Nitrogen effect estimates compared between the simple model and the SMIPS-augmented model.

From the comparison of the effect sizes for the nitrogen treatment, we can see that ignoring the effect of soil moisture in the simple model underestimates the direct nitrogen treatment effect. The augmented model, in contrast, accounts for the soil moisture and the potential nitrogen volatilisation that may occur in higher soil moisture conditions. ## Simplified collection with `collect_tern_data()` The hand-written `for` loop above is shown for didactic purposes — it makes the per-date COG read and per-site point extraction explicit.
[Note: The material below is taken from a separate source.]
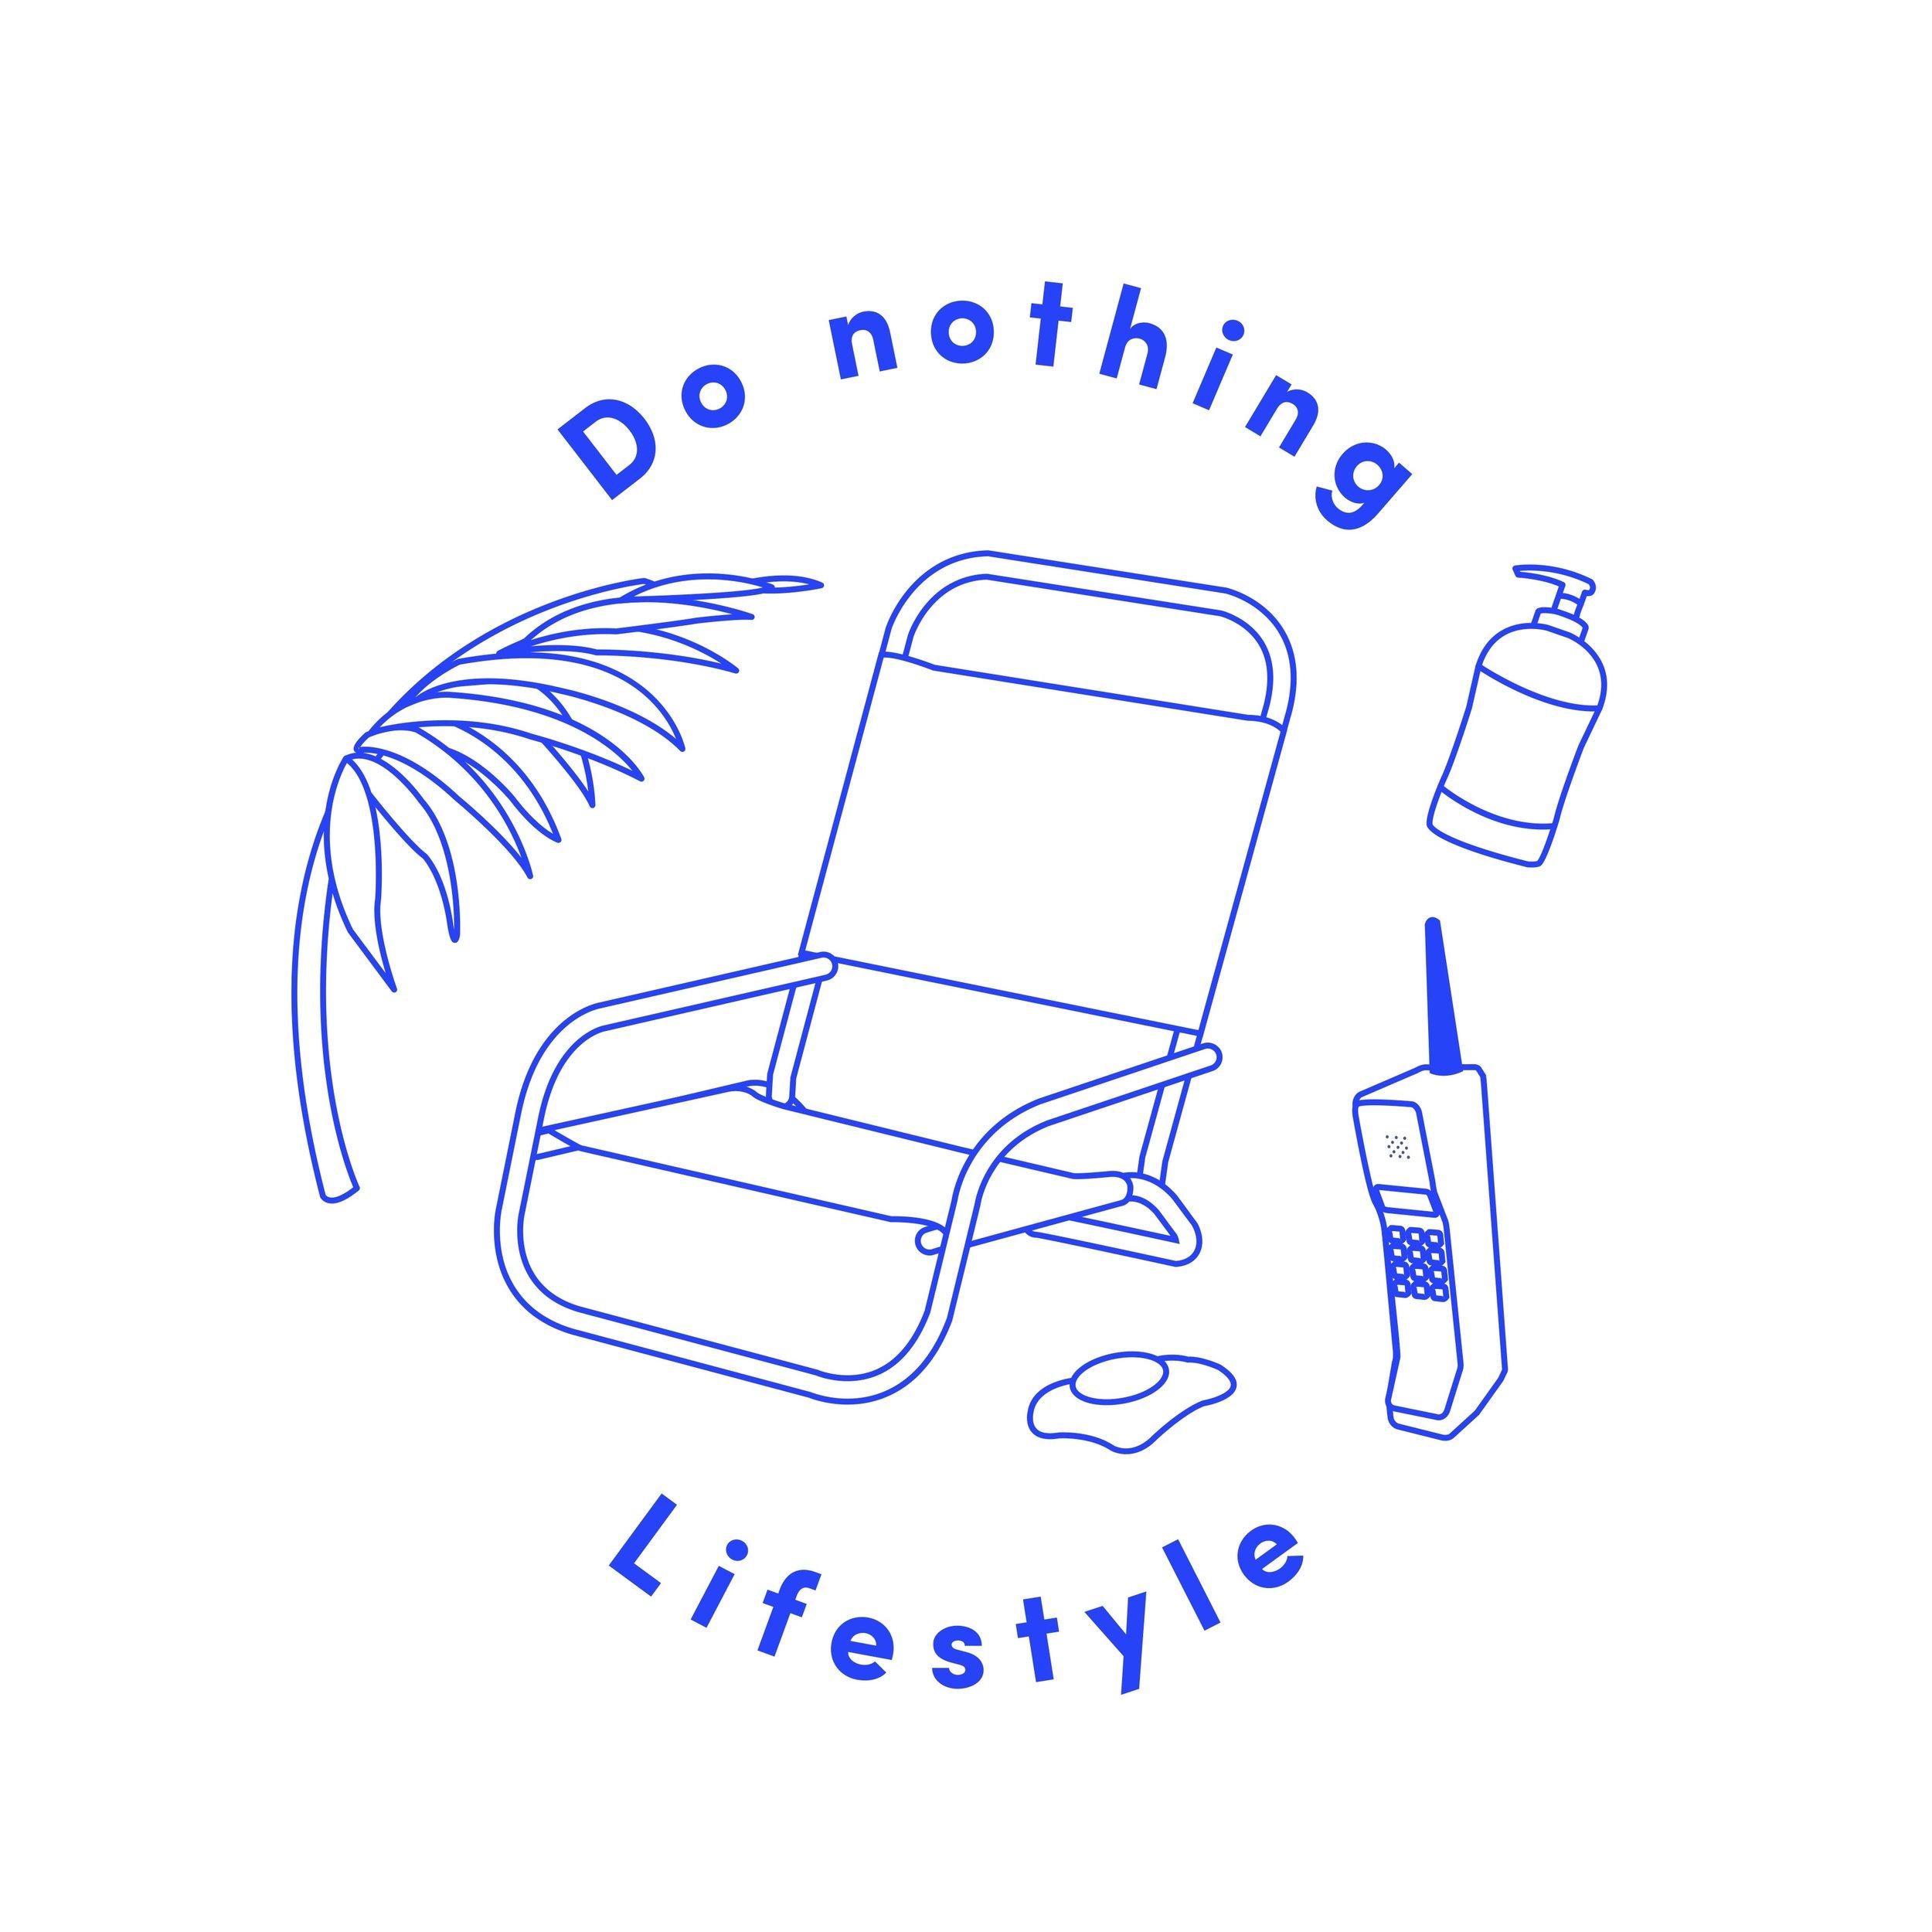 do nothing .jpg

For routine use, `collect_tern_data()` performs the same operation vectorised across locations, with one COG open per (dataset, date, variant) regardless of the number of points. The same `SMindex` time series can be produced with a single call: ``` r smips_dt <- collect_tern_data( xy = data.frame(lon = sites$Longitude, lat = sites$Latitude), date_range = c(start_date, end_date), datasets = "SMIPS", smips_collection = "SMindex", verbose = FALSE ) head(smips_dt) ``` `smips_dt` is a `data.table` with one row per (date, location); a single extraction call replaces the inner `terra::extract()` of the loop. The example above is shown with `eval=FALSE` to avoid duplicating the network traffic already performed by the loop; the output schema is identical to `smips_data` apart from the column name (`SMIPS_SMindex` rather than `smips_smi_perc`).